Re: [JAVA2D] Bug in rendering text under JDK 6.0

2007-07-03 Thread java2d
Okay, now that's just weird. :|  Garbling happens under WinXP as well.

It seems to be related to LCD text settings.  For as far as my limited testing 
took me, enabling ClearType will garble the second line.  As soon as it is 
enabled/disabled (no need to reload/recompile), the second line changes.

Did some further testing: could it be that the wrong pixels are taking for 
AlphaComposite?  I have the impression that the pixels drawn onto the screen 
are really just test but with each pixel repeated three times:

[code]
+++
+  x  +
+x+
+  x  +
+  x  +
+  x  +
+   xx+
+++

 ==

+++
+ +
+ xxx +
+ +
+x+
+x+
+x+
+ +
+++
[/code]

Changing the LCD orientation (horizontal to vertical) also changes the pixel's 
positions, but they seem to have correct horizontal spacing, hence.  In the 
horizontal case, if we could just take each third pixel, we'd get test 
back, I believe.
[Message sent by forum member 'tarbo' (tarbo)]

http://forums.java.net/jive/thread.jspa?messageID=225069

===
To unsubscribe, send email to [EMAIL PROTECTED] and include in the body
of the message signoff JAVA2D-INTEREST.  For general help, send email to
[EMAIL PROTECTED] and include in the body of the message help.
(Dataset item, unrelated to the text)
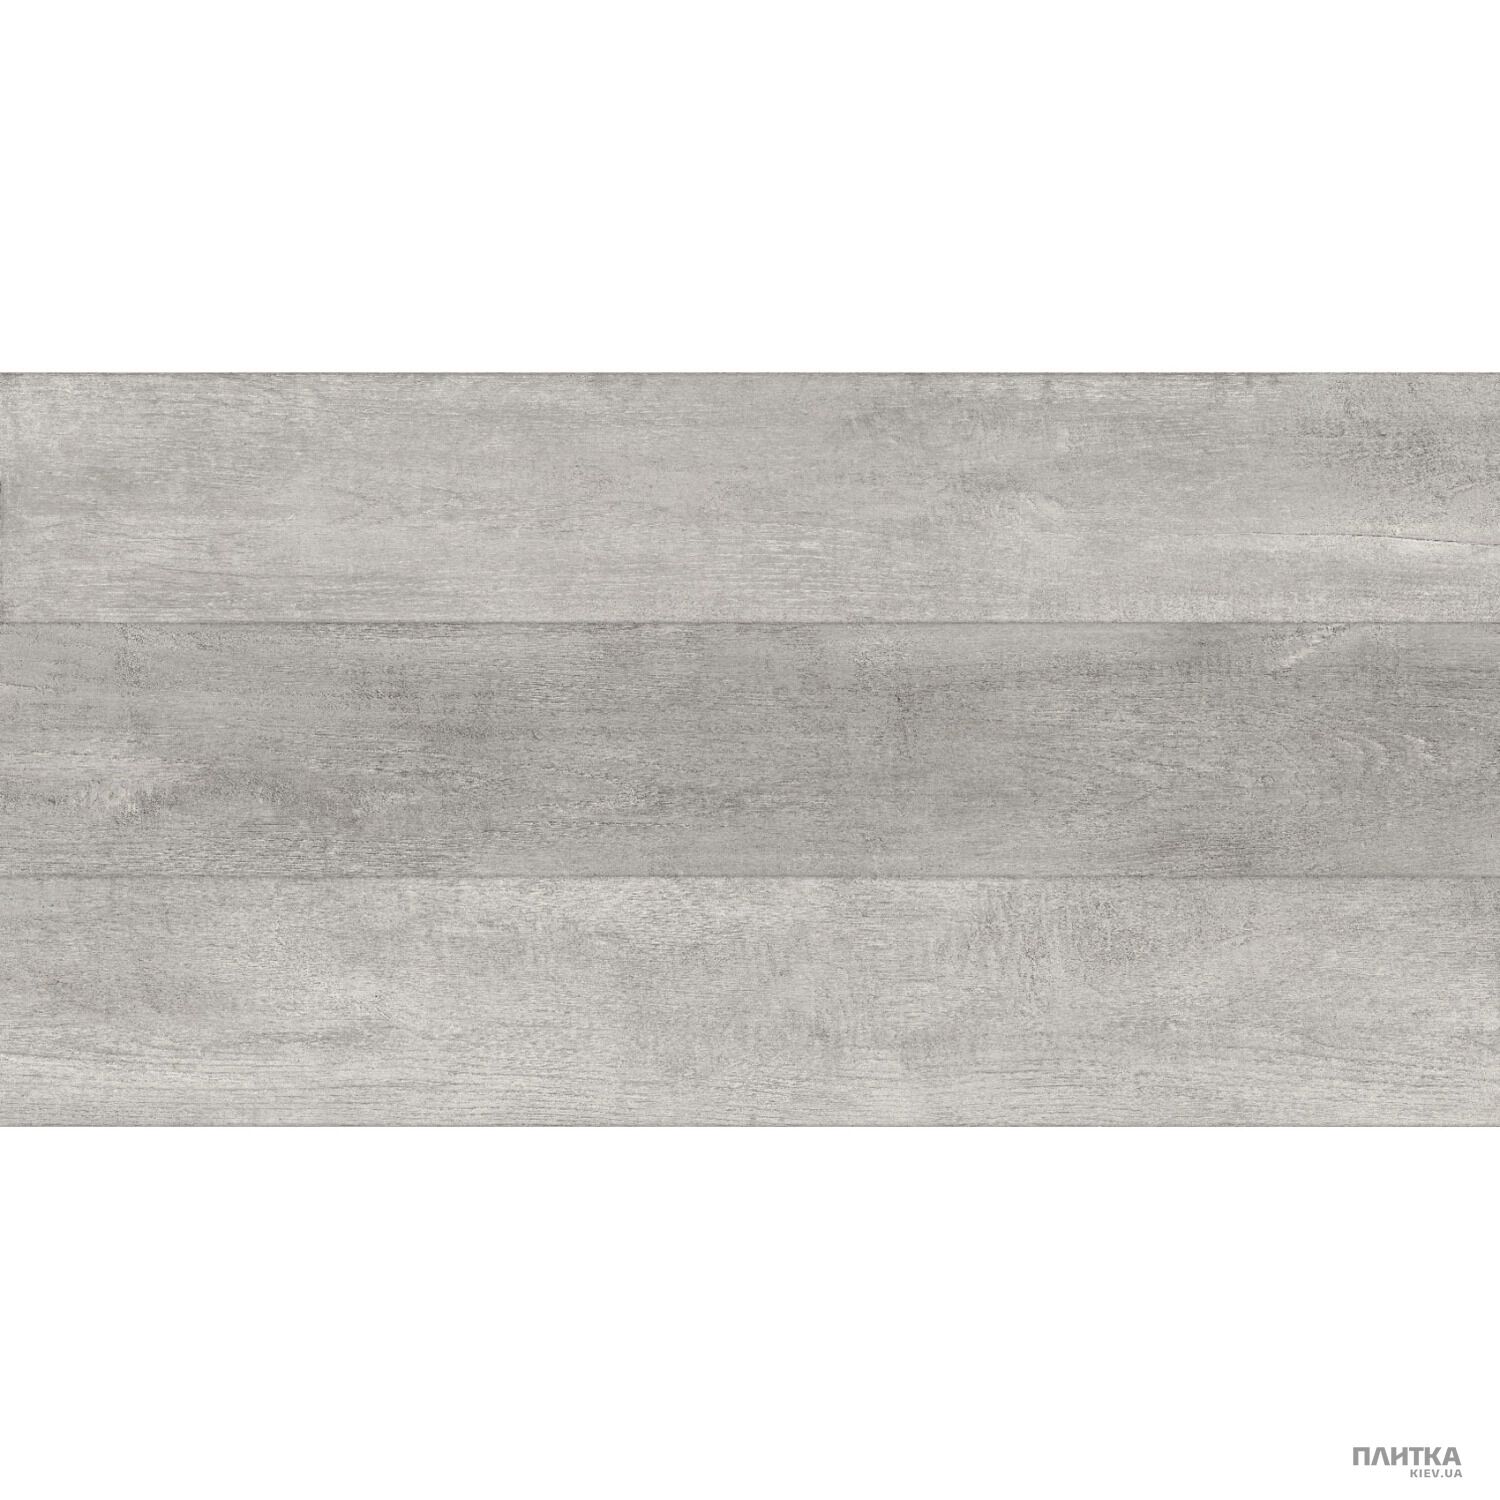 Керамогранит Golden Tile Abba ABBA Wood Серый 652161 серый

Re: [JAVA2D] Bug in rendering text under JDK 6.0

2007-07-03 Thread Phil Race

It is completely cross-platform.
Looks like a case where I forgot to ask that the text pipes be re-validated.
I think it may be as little as a one line fix for setComposite to set a
flag that some font rendering settings need to be re-validated.
I see Igor filed bug 6576507 for your test.

Its probable that there's a workaround of setting some other hint
at the same time that will tickle the re-validation.

-phil

[EMAIL PROTECTED] wrote:

Okay, now that's just weird. :|  Garbling happens under WinXP as well.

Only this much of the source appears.